What you return should match the listing exactly, minus its images.

* Information supplied:
══════════════════════════════
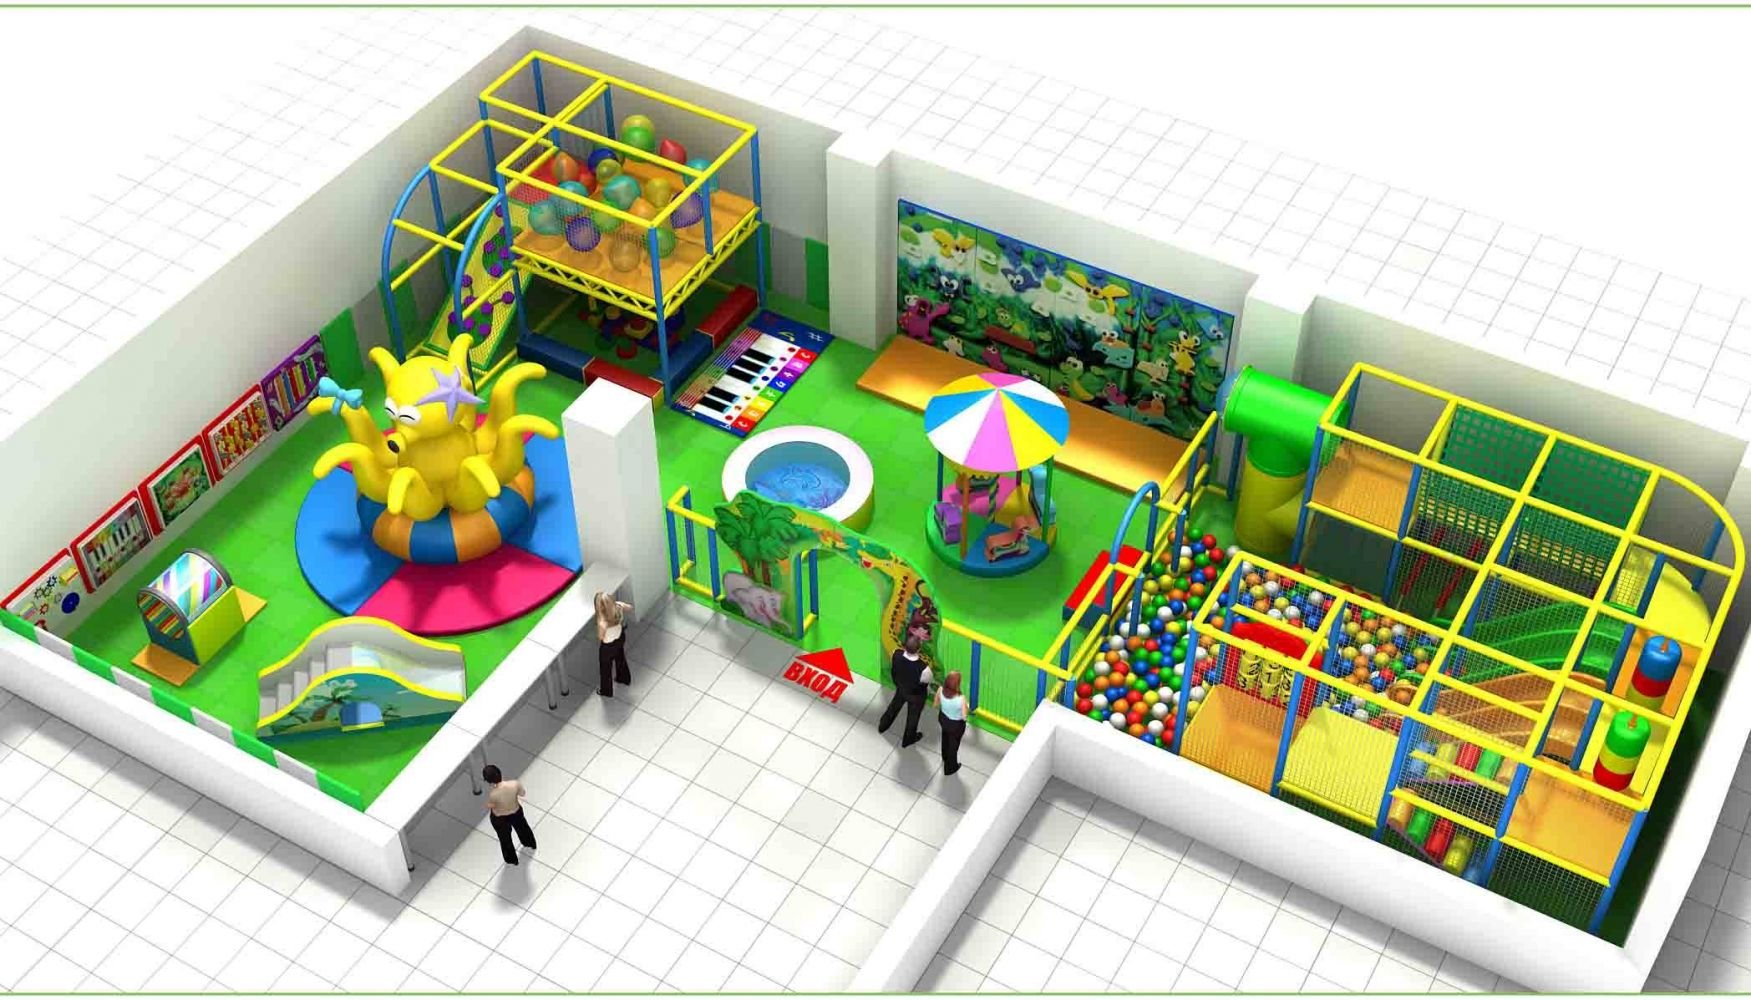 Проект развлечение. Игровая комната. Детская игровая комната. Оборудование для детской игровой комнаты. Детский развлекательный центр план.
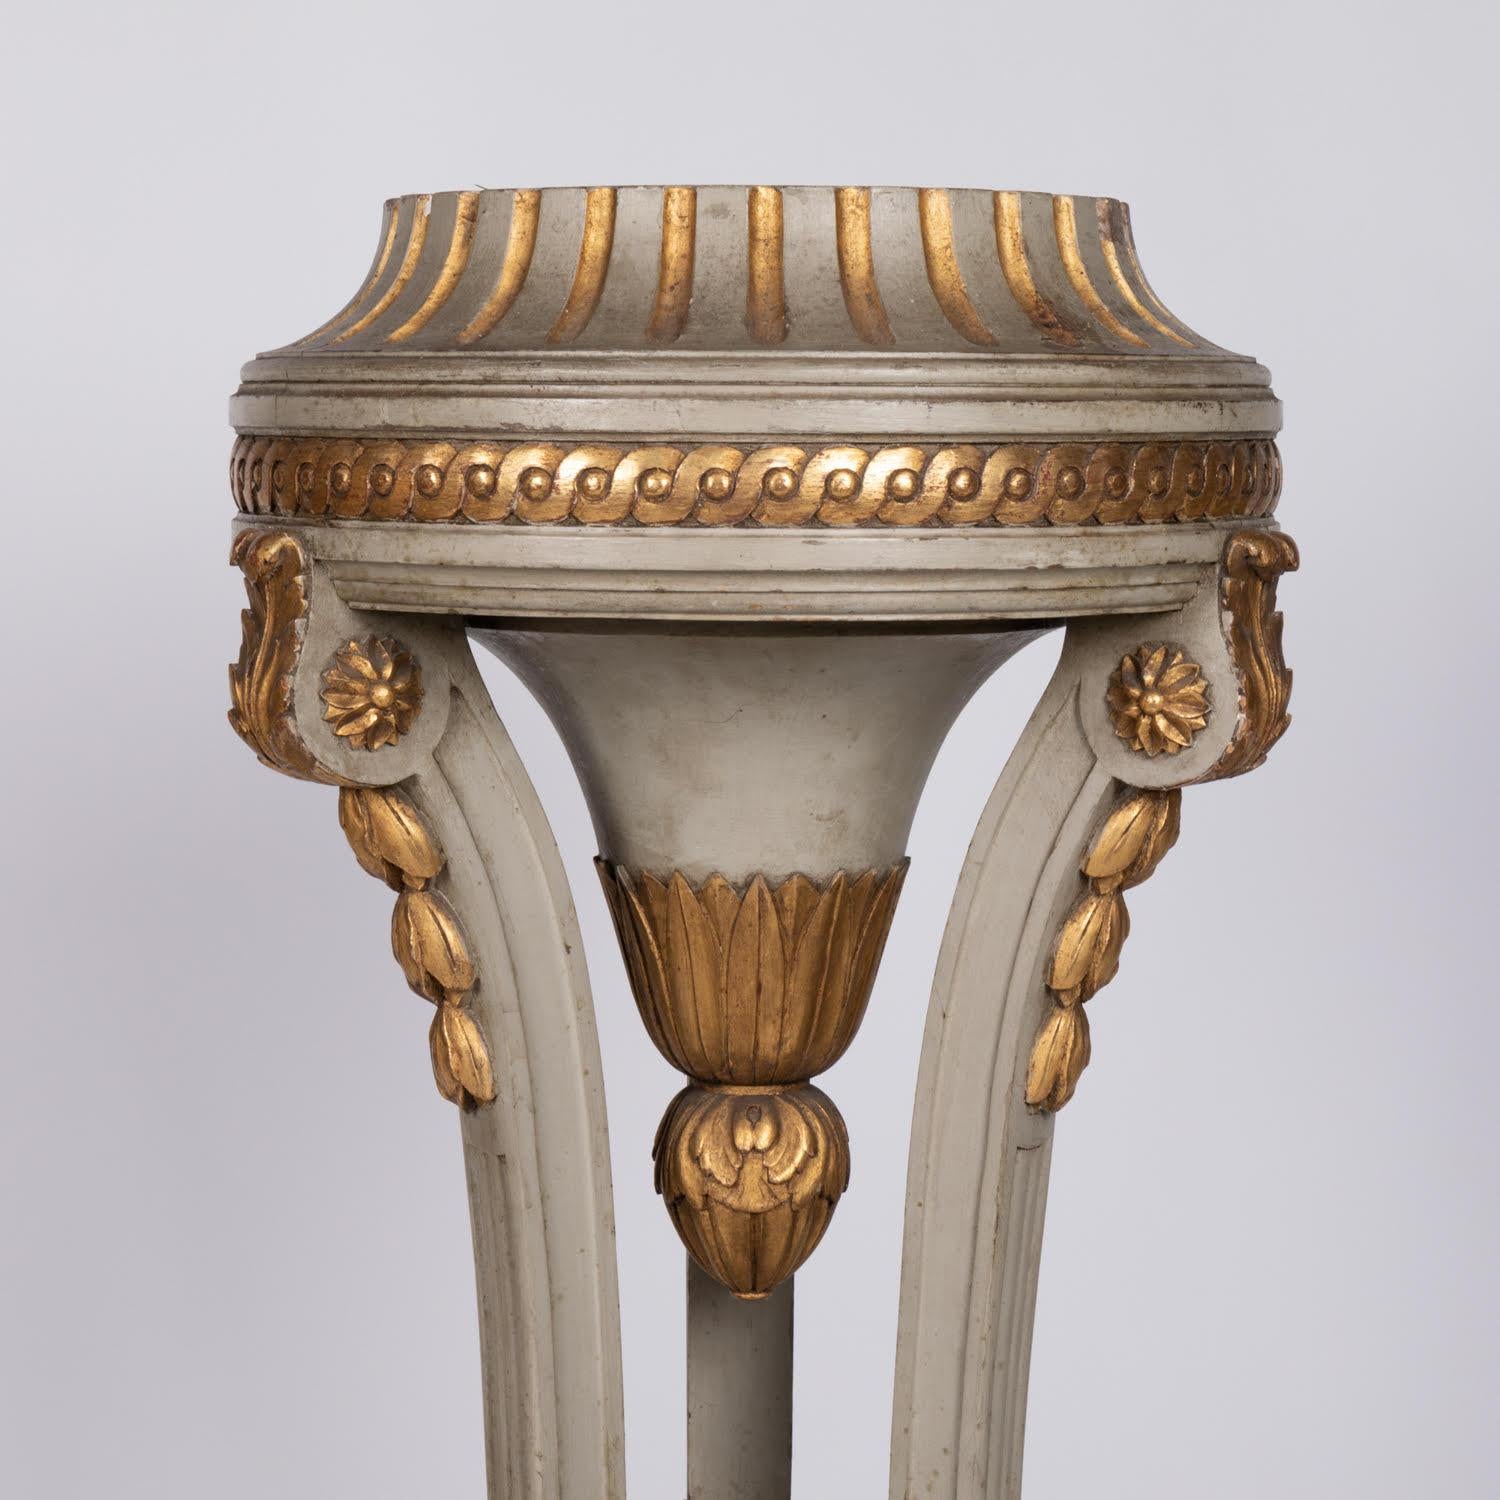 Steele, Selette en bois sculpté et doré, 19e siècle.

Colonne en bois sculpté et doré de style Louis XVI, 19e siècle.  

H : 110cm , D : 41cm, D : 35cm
══════════════════════════════
* Result below:
 Проект развлечение. Игровая комната. Детская игровая комната. Оборудование для детской игровой комнаты. Детский развлекательный центр план.
 Steele, Selette en bois sculpté et doré, 19e siècle.

Colonne en bois sculpté et doré de style Louis XVI, 19e siècle.  

H : 110cm , D : 41cm, D : 35cm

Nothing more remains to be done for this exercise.